Metal accumulation ratio of leaves, stems and bio-concentration factors.

SLM proportion	MAR of leaves					MAR of stems					BCF of heavy metals from soil medium to plants
	Pb	Cr	Cu	Zn	Ni	Pb	Cr	Cu	Zn	Ni	Pb	Cr	Cu	Zn	Ni
Control	—	—	0.45	0.50	0.27	1.00	—	0.55	0.50	0.73	1.89	—	3.95	26.93	10.37
SLM 10	—	—	0.46	0.56	0.25	1.00	1.00	0.54	0.44	0.75	1.43	5.31	2.68	7.61	9.27
SLM 20	—	0.48	0.43	0.56	0.45	—	0.52	0.57	0.44	0.55	—	11.95	1.78	5.00	13.34
SLM 30	—	0.39	0.59	0.53	0.41	—	0.61	0.41	0.47	0.59	—	8.65	1.50	3.70	13.42
SLM 40	—	1.00	0.55	0.51	0.36	—	—	0.45	0.49	0.64	—	4.28	0.77	1.82	7.62
SLM 50	0.40	0.54	0.43	0.50	0.42	0.60	0.46	0.57	0.50	0.58	1.35	6.38	0.61	1.37	7.21
SLM 60	1.00	1.00	0.50	0.36	0.39	—	—	0.50	0.64	0.61	0.69	1.10	0.68	0.89	4.05
SLM 70	1.00	—	0.45	0.42	0.26	—	—	0.55	0.58	0.74	0.31	—	0.47	0.71	4.79
SLM 80	—	—	0.46	0.45	0.45	—	—	0.54	0.55	0.55	—	—	0.42	0.79	4.00
SLM 90	—	1.00	0.54	0.52	0.46	—	—	0.46	0.48	0.54	—	1.98	0.38	0.83	4.68
SLM 100	—	1.00	0.55	0.49	0.53	—	—	0.45	0.51	0.47	—	9.37	0.50	0.93	8.18

SLM: Soil-Like Material; BCF: Bio-Concentration Factor; MAR: Metal Accumulation Ratio.

There is some difference in the metal tolerance mechanism based on the two fundamental mechanisms, such as accumulation and exclusion, by which plants respond to high levels of heavy metals in soil.
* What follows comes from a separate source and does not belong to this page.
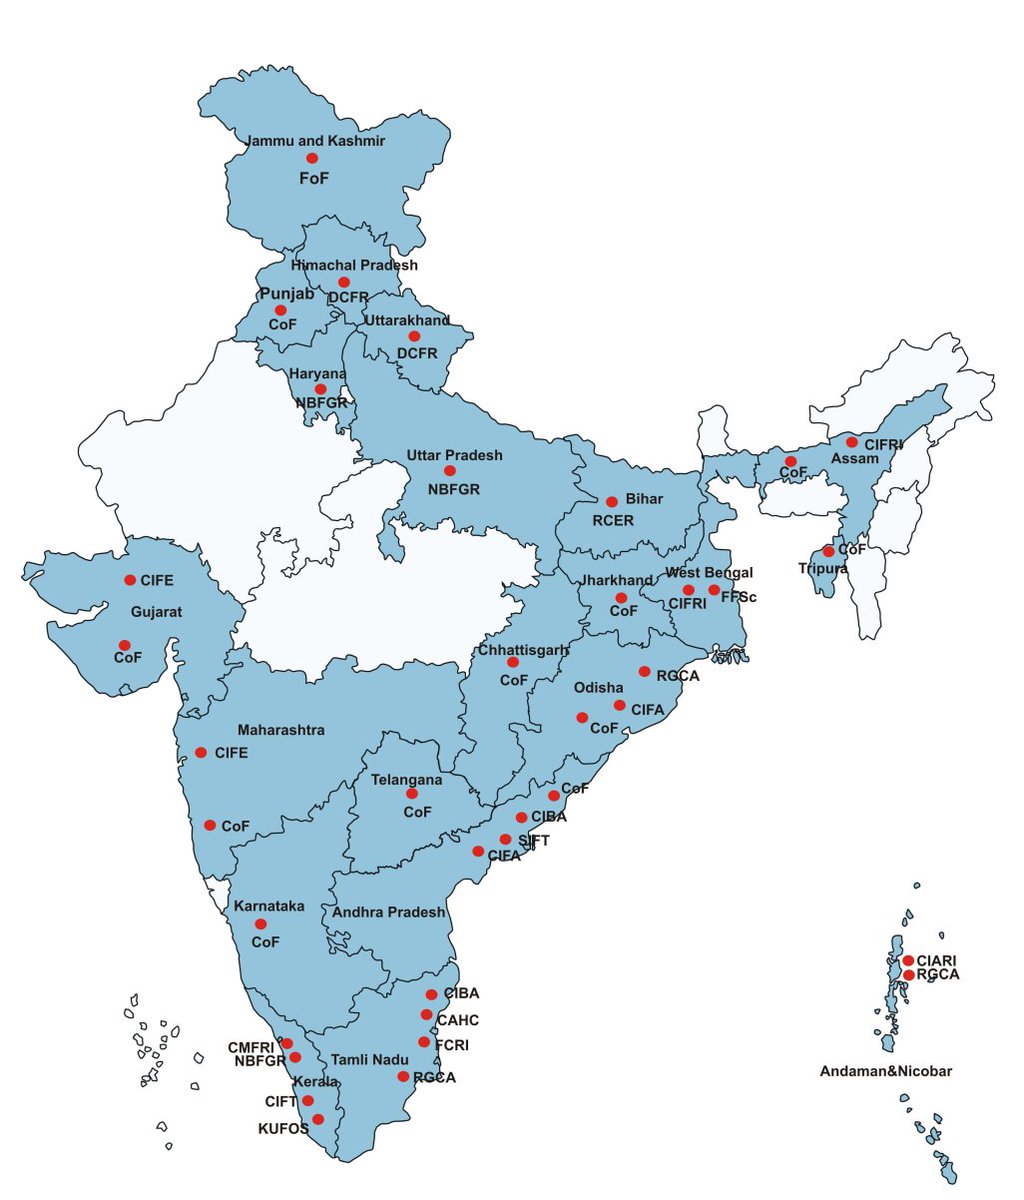 NFDB in collaboration with NBFGR developed a strong network of #AquaticAnimalHealth Laboratories with scientific manpower for surveillance & aquatic animal epidemiology tools in 21 States/UTs under National Surveillance Programme for Aquatic Animal Diseases @icar_fish #fishhealth

Heavy metal excluders have BCF <1, while BCF >1 are metal accumulators (Ogundiran and Osibanjo, 2008). A hyperaccumulator plant should have BCF >1 or Transfer Factor (TF) >1, in addition to total accumulation exceeding 1000 mg kg⁻¹ of Cu, Co, Cr, Ni or Pb, or exceeding 10,000 mg kg⁻¹ of Mn or Zn (Sharma et al., 2020).

The soil-plant Transfer Coefficient (TF_SP) depending on the specific plant species under observation and the soil substrate and varies across wide ranges. The coefficients for individual metals also differ from one another. Plants absorb minimal amounts of elements like As, Pb, Cr and Hg from the soil due to their strong binding capacity, causing concern for entering into the food chain only when soil contamination reaches exceptionally high levels (Blume et al., 2010).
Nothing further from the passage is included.